On 2 April 2014, there were bomb blasts at a police post at Cairo University. Reports indicate that there were a number of deaths and injuries.

On 7 February 2014, there were reports of explosions near a police checkpoint at scheduled protests in Giza. At least 6 people were wounded. See Terrorism

Sharm el Sheikh

Enhanced security measures are in place to protect the Sharm el Sheikh resort areas. Egyptian military are situated in Sharm el Sheikh international airport, at check points around the perimeter of Sharm el Sheikh and throughout the South Sinai Governorate. Routine security checks are being performed on entry into the airport and the police are carrying out vehicle checks in Sharm el-Sheikh. There were no violent protests in the South Sinai resorts during recent disturbances in Egypt.

Protests and demonstrations

Protests, marches and demonstrations are common across Egypt. Demonstrations often happen on Fridays, but can occur at any time and with little prior notice.

The atmosphere at demonstrations can change quickly and without warning. Police may use water cannon, tear gas, birdshot or live ammunition for crowd control.

There have been several violent clashes since July 2013 resulting in a large number of deaths.

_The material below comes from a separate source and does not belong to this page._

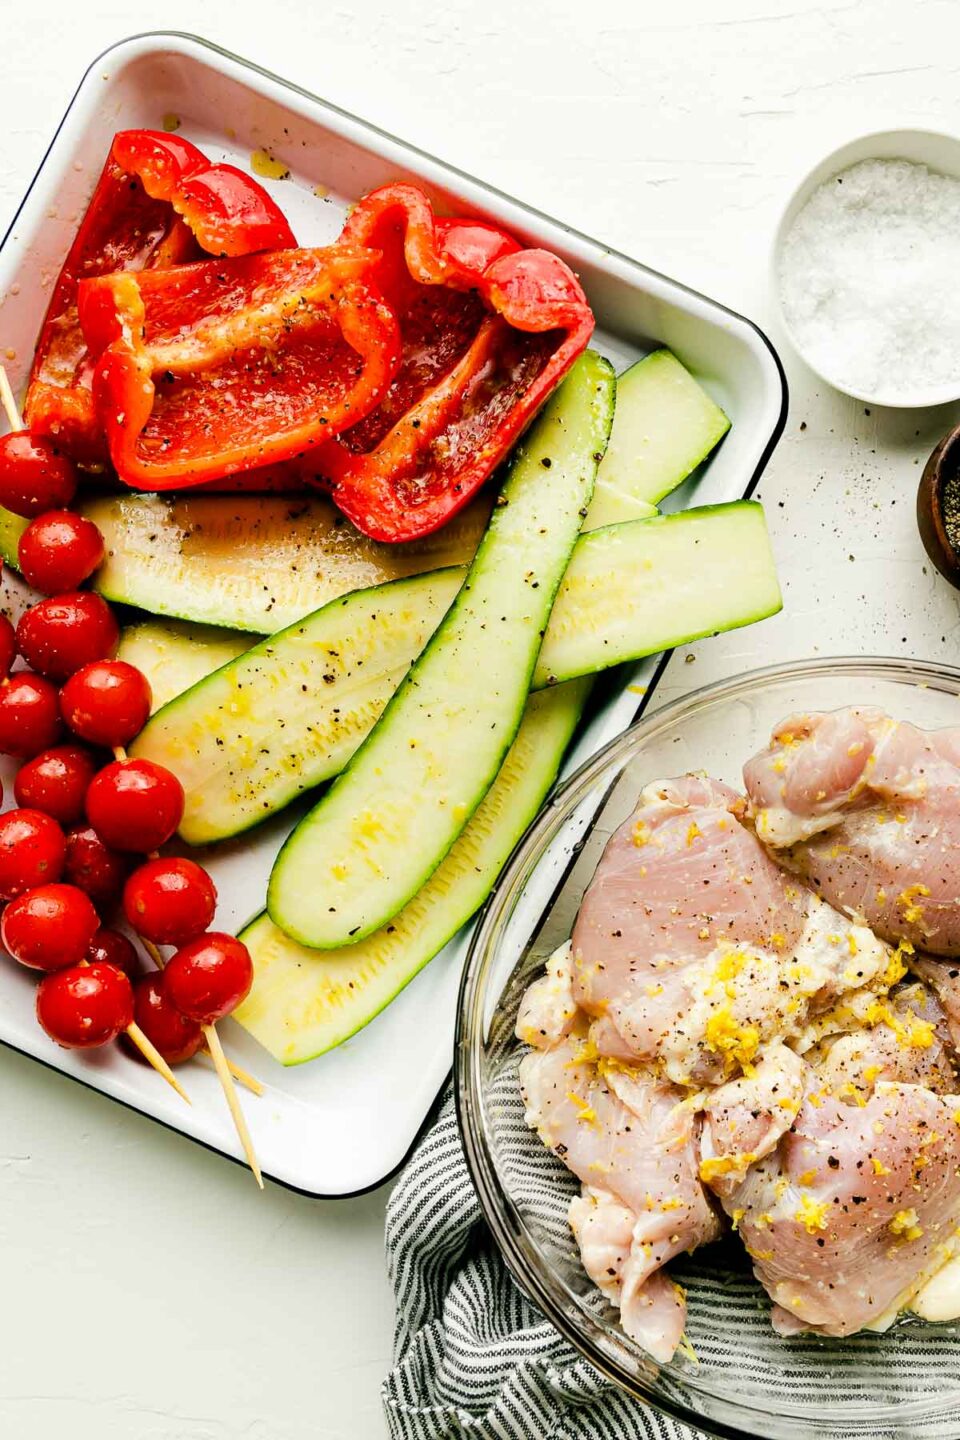 A baking dish with ready-to-grill zucchini, red peppers and skewers of tomatoes, and a bowl of marinated chicken thighs sit atop a white surface. Small bowls of salt and pepper sit alongside them.

Most of the clashes have taken place in Cairo and Alexandria. At protests in Cairo, Alexandria and Fayoum on 24 and 25 January 2014 there were at reports of around 80 deaths. There are ongoing protests and clashes within university campuses across the country. A number of people have been killed or injured during tribal clashes in the district of east Aswan since 4 April. Train services between Cairo and Aswan have been suspended.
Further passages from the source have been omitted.